DATA BLOCK

------------

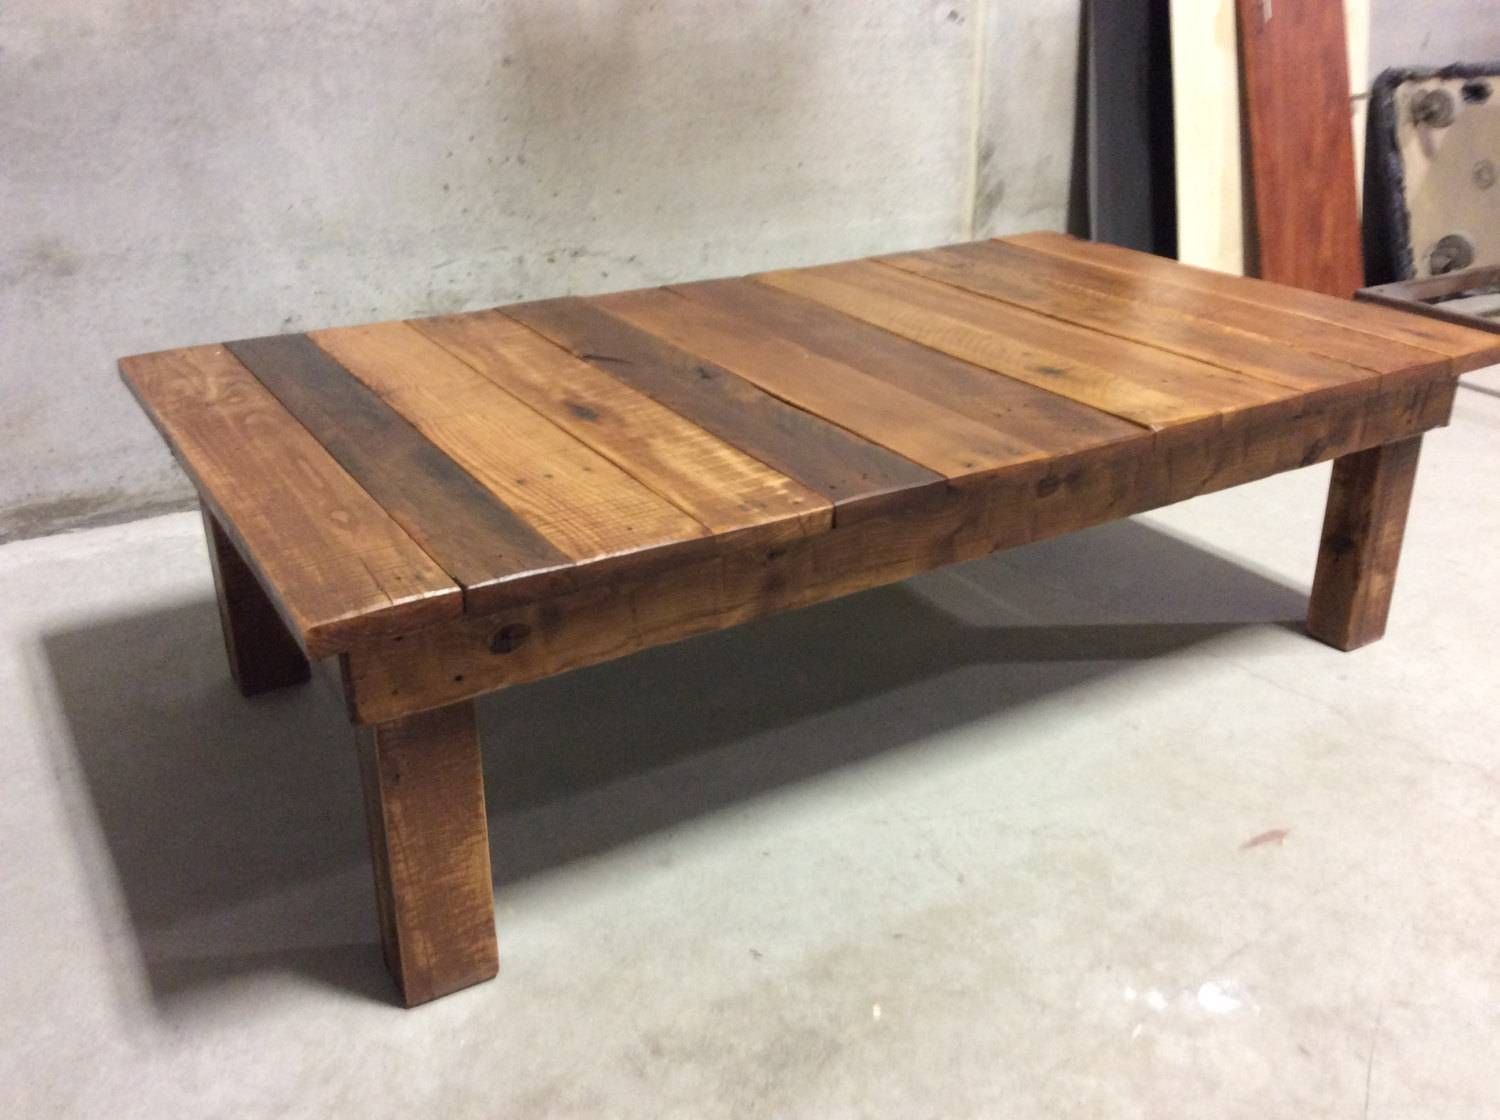 Large Reclaimed Wood Coffee Table Inside Reclaimed Wood Coffee Tables (View 2 of 15)
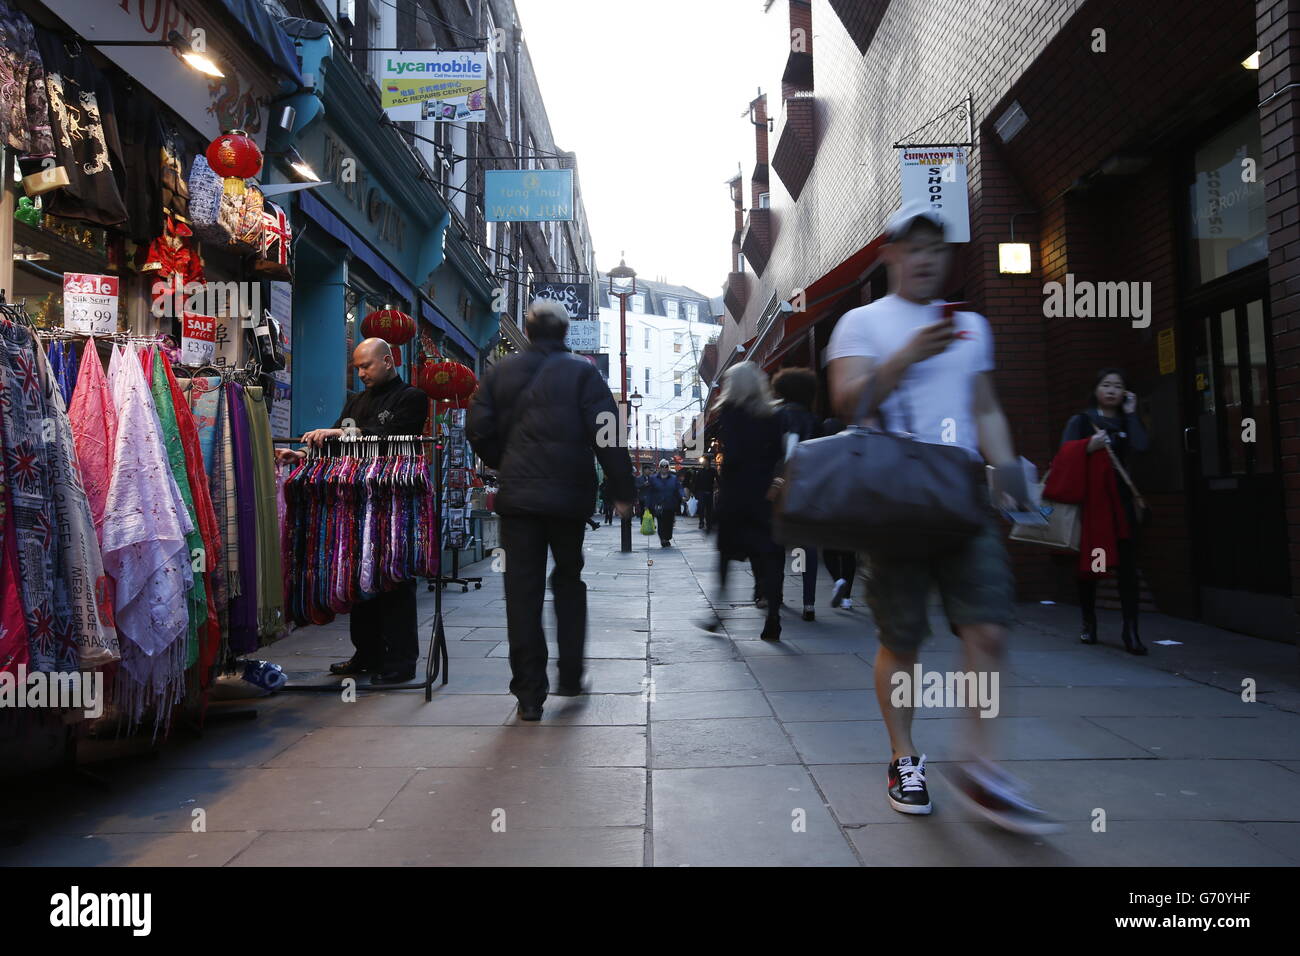 Theatre stock. Chinatown in central London. Stock Photo
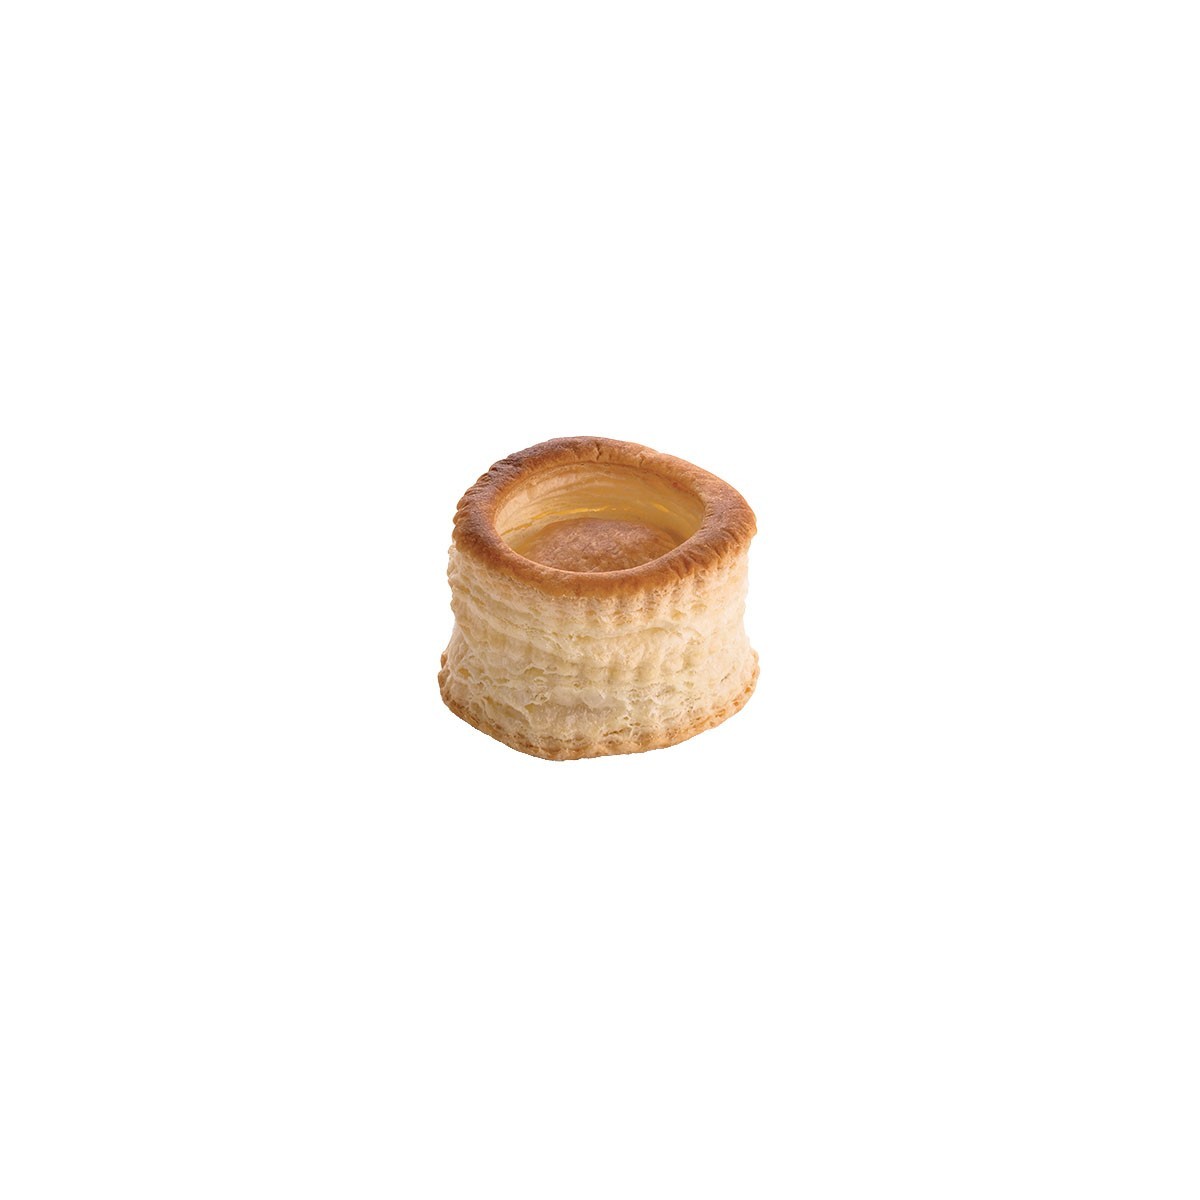 PIDY EMPTY BOUCHEE PUFF PASTRY Ø7CM H4.5CM FIXED HAT 24 PIECES  BOX

------------

TASK OBJECTIVE
Leave the pictures out, and print every line of the listing exactly as written.

WRITTEN REPLY
 Large Reclaimed Wood Coffee Table Inside Reclaimed Wood Coffee Tables (View 2 of 15)
 Theatre stock. Chinatown in central London. Stock Photo
 PIDY EMPTY BOUCHEE PUFF PASTRY Ø7CM H4.5CM FIXED HAT 24 PIECES  BOX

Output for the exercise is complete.